I’m a writer, artist and medical anthropologist. My essays, longform journalism and ethnographic contributions have been published in The Guardian, The Boston Globe, The New York Times, Prospect Magazine, Monocle, The Independent, British Medical Journal, Guernica, Longreads, PEN America, The New Yorker, STAT, American Medical Association Journal of Ethics, Harvard Public Health Magazine, Oral History Review and many others. I’m the co-author of several Lonely Planet travel guidebooks.
British-American since birth, with roots in Scotland and Chicago, I lived for more than ten years in West Africa—between the coastal cities of Monrovia and Dakar, writing in English and French. My essay on Nina Simone’s love for Liberia in the 1970s, published in Guernica, was listed as a notable essay by The New York Times and Longreads and translated into multiple languages including for Éditions du sous-sol.

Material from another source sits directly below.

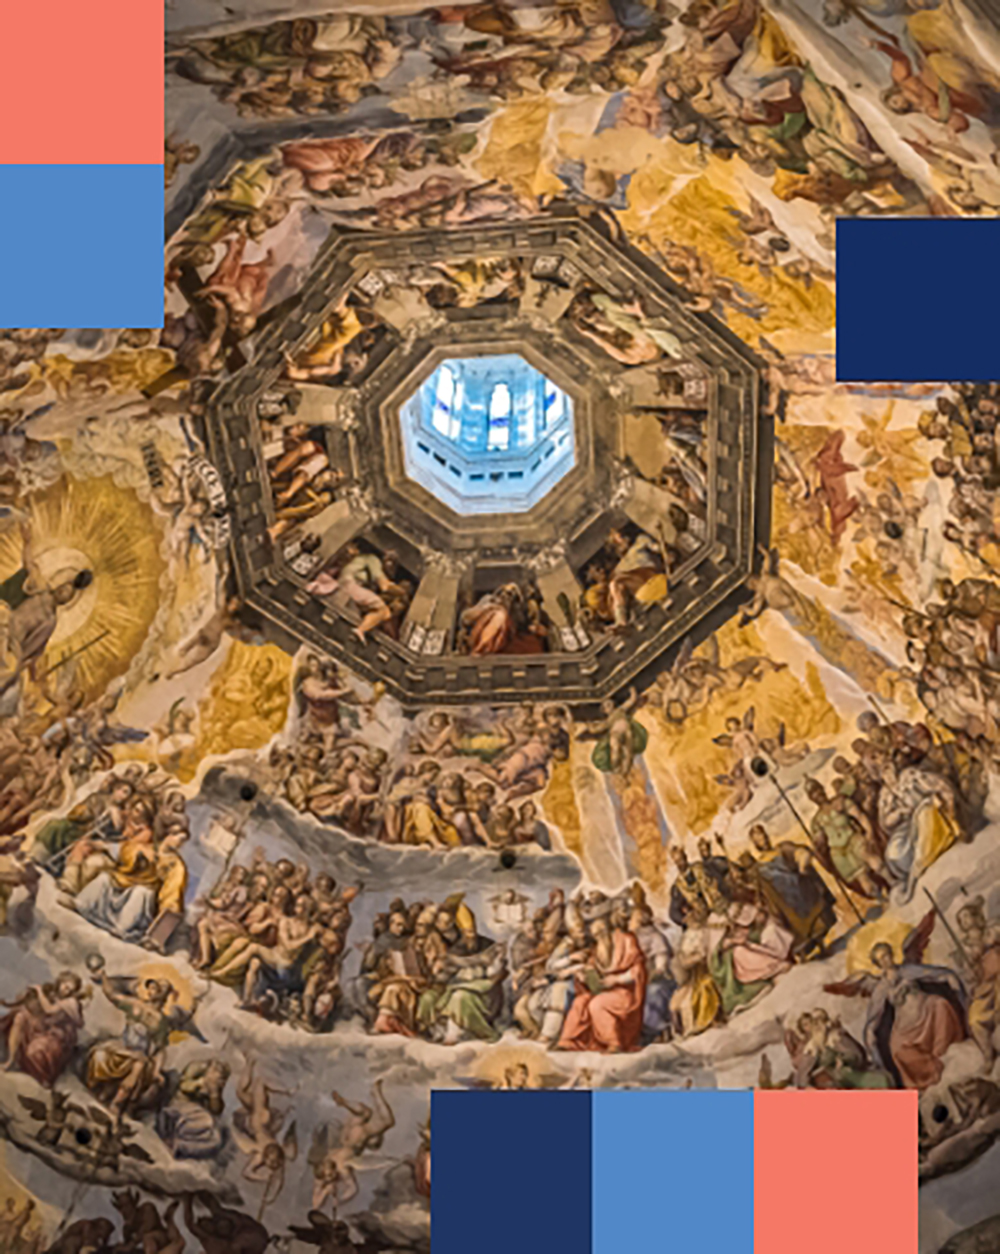 Afrescos na cúpula da Catedral de Florença - mobile

Alongside artistic work, I have been deeply involved in Ebola preparedness and response for ten years, including during outbreaks in Liberia, D.R. Congo and Uganda. Partnering with community organizers, clinician researchers, psychologists and wider social science teams, we integrate community narratives and survivor oral histories into clinical research, with a view towards democratizing the archive, bringing compassion and deep listening center-stage and making epidemic response policy more inclusive. My work is rooted in my training in infectious diseases, public health, patient accompaniment, narrative therapy, and as a student of oral storytelling traditions.
During the 2014-16 West Africa Ebola outbreak, I was the founding editor of Ebola Deeply, a website that The Guardian called “the antidote to media scaremongering.” My Ebola and global health work has been supported by the International Women’s Media Foundation, University of Oxford, Liverpool School of Tropical Medicine, Rockefeller Foundation, and Wellcome Trust. I’ve worked with organizations including Partners in Health, Sabin Vaccine Institute, Doctors Without Borders (MSF), Walimu (Uganda), The Atlantic Council and Internews, where I co-created the first medical journalism fellowship program in Liberia.
I co-teach A History of Music as Medicine at Longy School of Music of Bard College with the bassist and artist Tony Leva. I facilitate creative writing, narrative medicine, and spoken word poetry sessions for patients recovering from severe illness, including in Covid-19 field hospitals with Boston Health Care for the Homeless. I have curated art exhibitions with recovered Ebola patients, and partnered with podcasters to explore artistic processes and grief, including on the podcast Out of Grief Comes Art.
I am currently working on two nonfiction books, including a double memoir co-written with my father during the last months of his life, recently excerpted in The Boston Globe Magazine.